Ahimsa: nonviolence: 3

If I am to practice non-violence, how can I eat meat?  I don’t have the teeth for it, nor is my digestive system built for it. I have found plenty of delicious protein substitutes, I am not craving it.  It actually is nice, not craving blood.  When I eat death, and violence, it eats me.  What is cancer?  An eating away of life.  There are plenty wonderful articles, books, documentaries and organizations that support the vegetarian cause, I don’t need to write another one, but if I am going to practice Ahimsa as a way of life, I must understand the if I am participating in violence after the fact, I am a part of the cause, the problem, and I am dedicating my life to being a part of the solution.  I often want it both ways, but it doesn’t work like that.

Ahimsa: nonviolence: 2

In a non-dualistic universe, we are all connected; we are one being, all living beings being one. If I behave violently, or if I am abusive in any way, through my actions, even in my thoughts, I am perpetuating violence against myself, all that I am.  If I do not defend against abuse, I am allowing the abuse to perpetuate.

Ahimsa: nonviolence: 1

In program we talk about being right sized.
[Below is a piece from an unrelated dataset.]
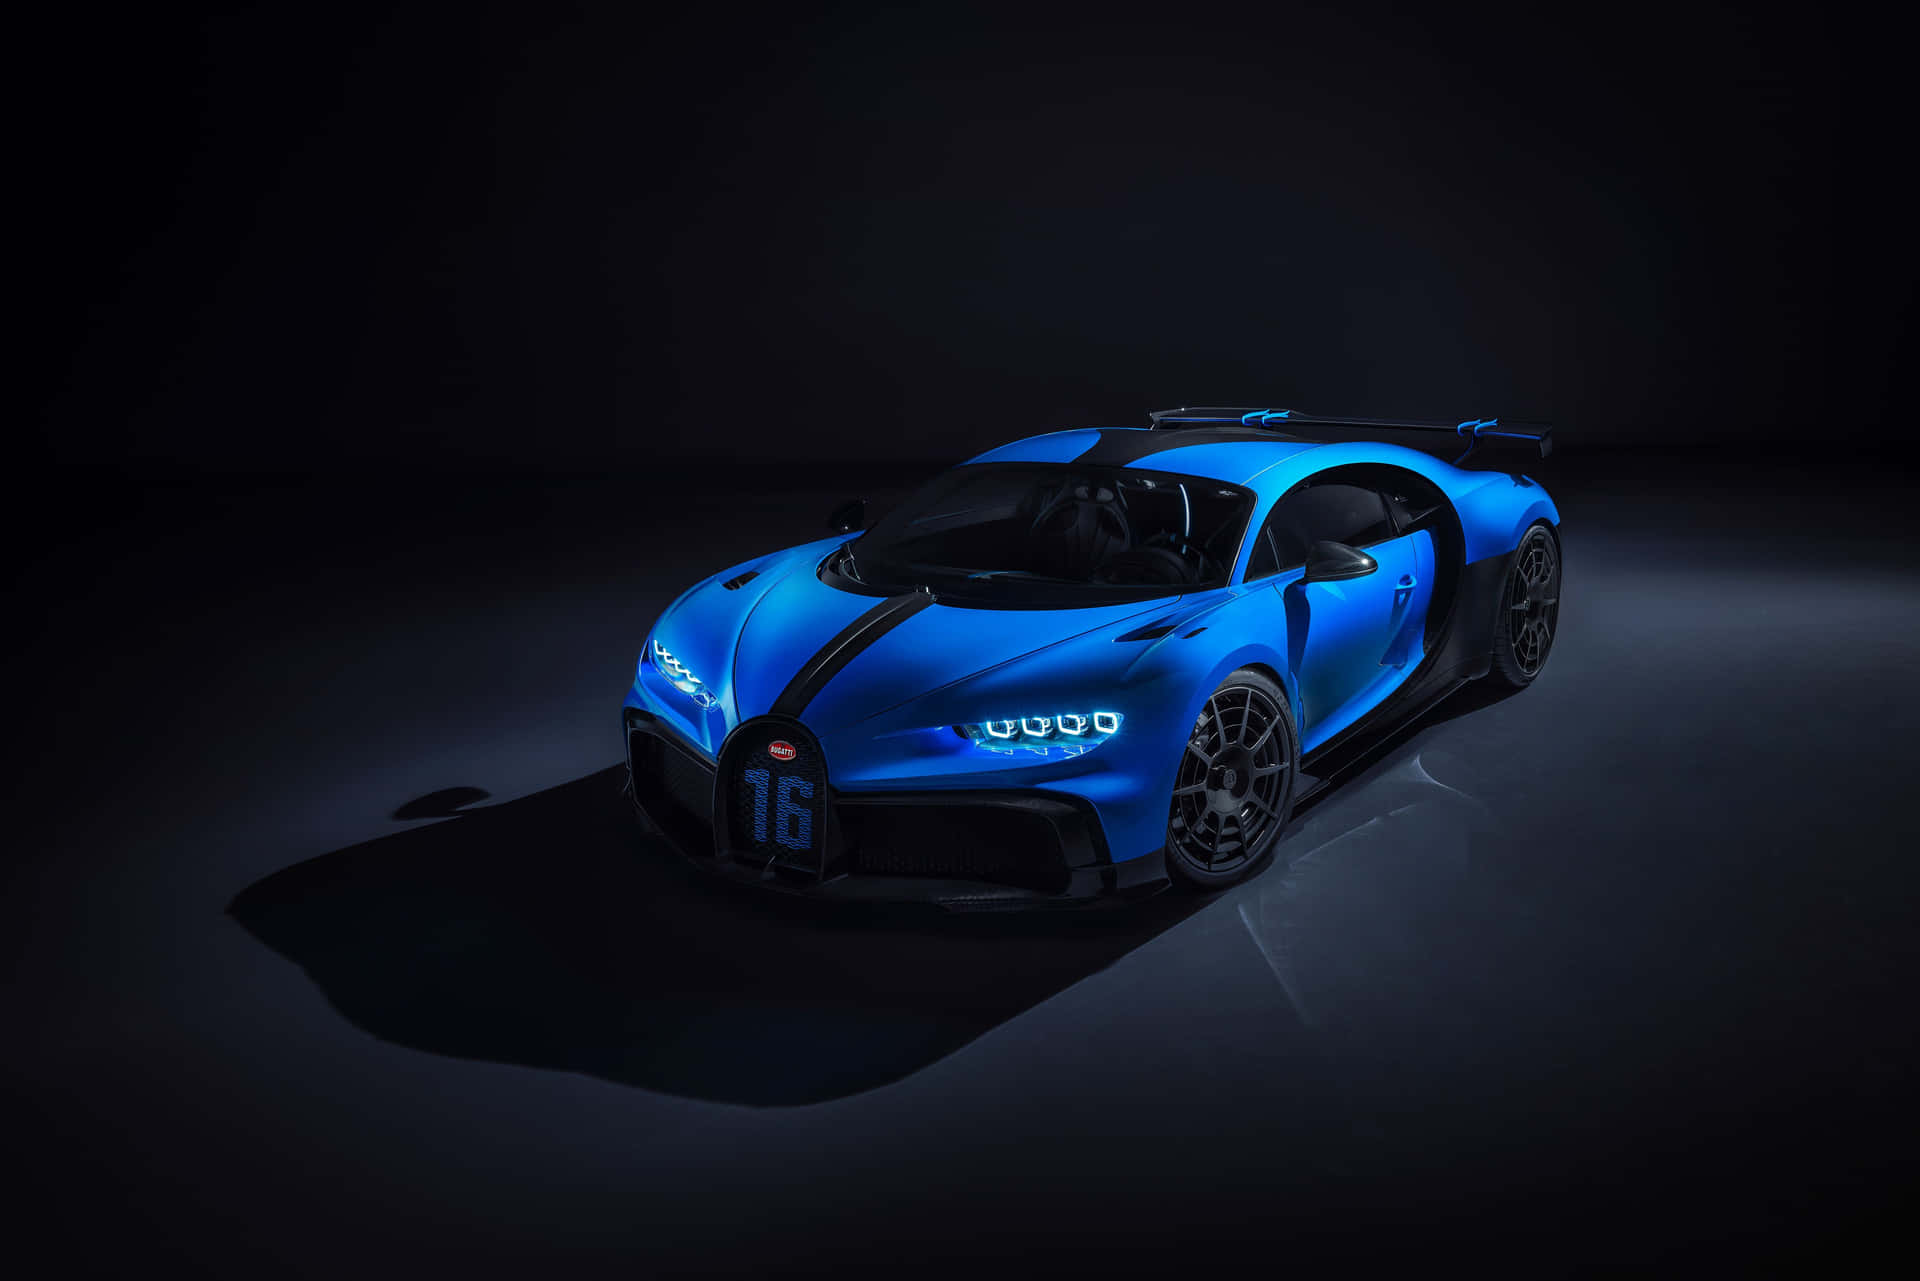 The Luxurious Elegance of a Bugatti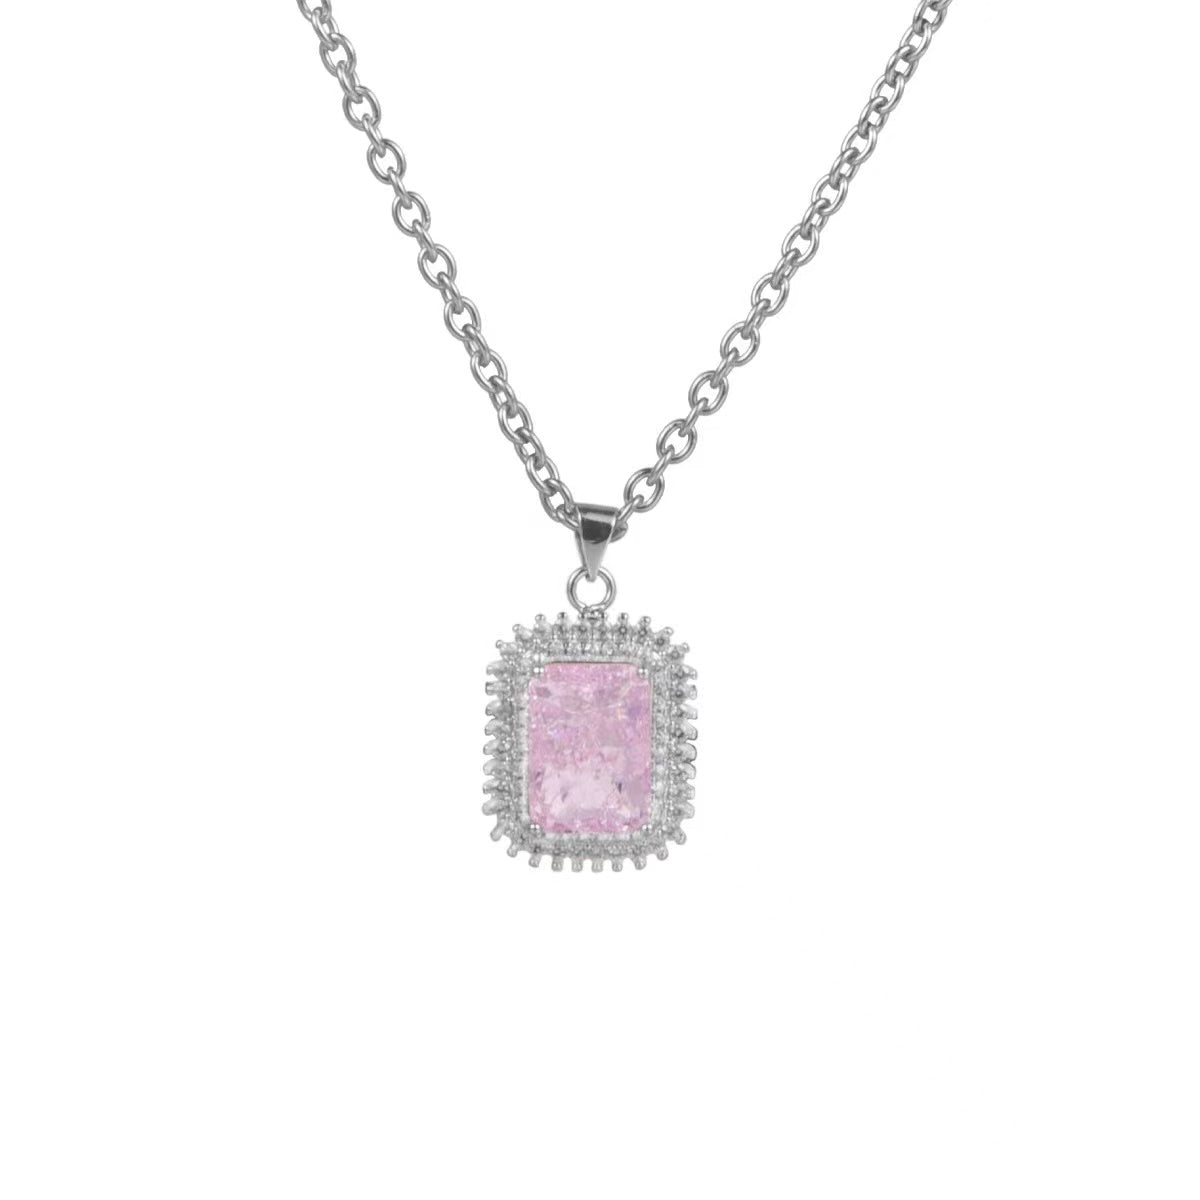 N10 Pink Crystal/Zirconia Pendant Necklace

In the past I fluctuated between feelings that I was better than everyone around me, and that I was a total loser.  This was abnormal thinking, and unbalanced feeling.  Today I can be a worker among workers, a friend among friends.  I am a brilliant child of God, a divine light in the fabric of the universe, as are we all; yet I can be humble, gracious and kind.  In this state of being there is no place for violence of any kind, towards myself, in the forms of derogatory thoughts and feelings, or towards my fellows, all living beings.  In this I have the complete freedom to be the beautiful creature that I am, without sacrifice, and without harm.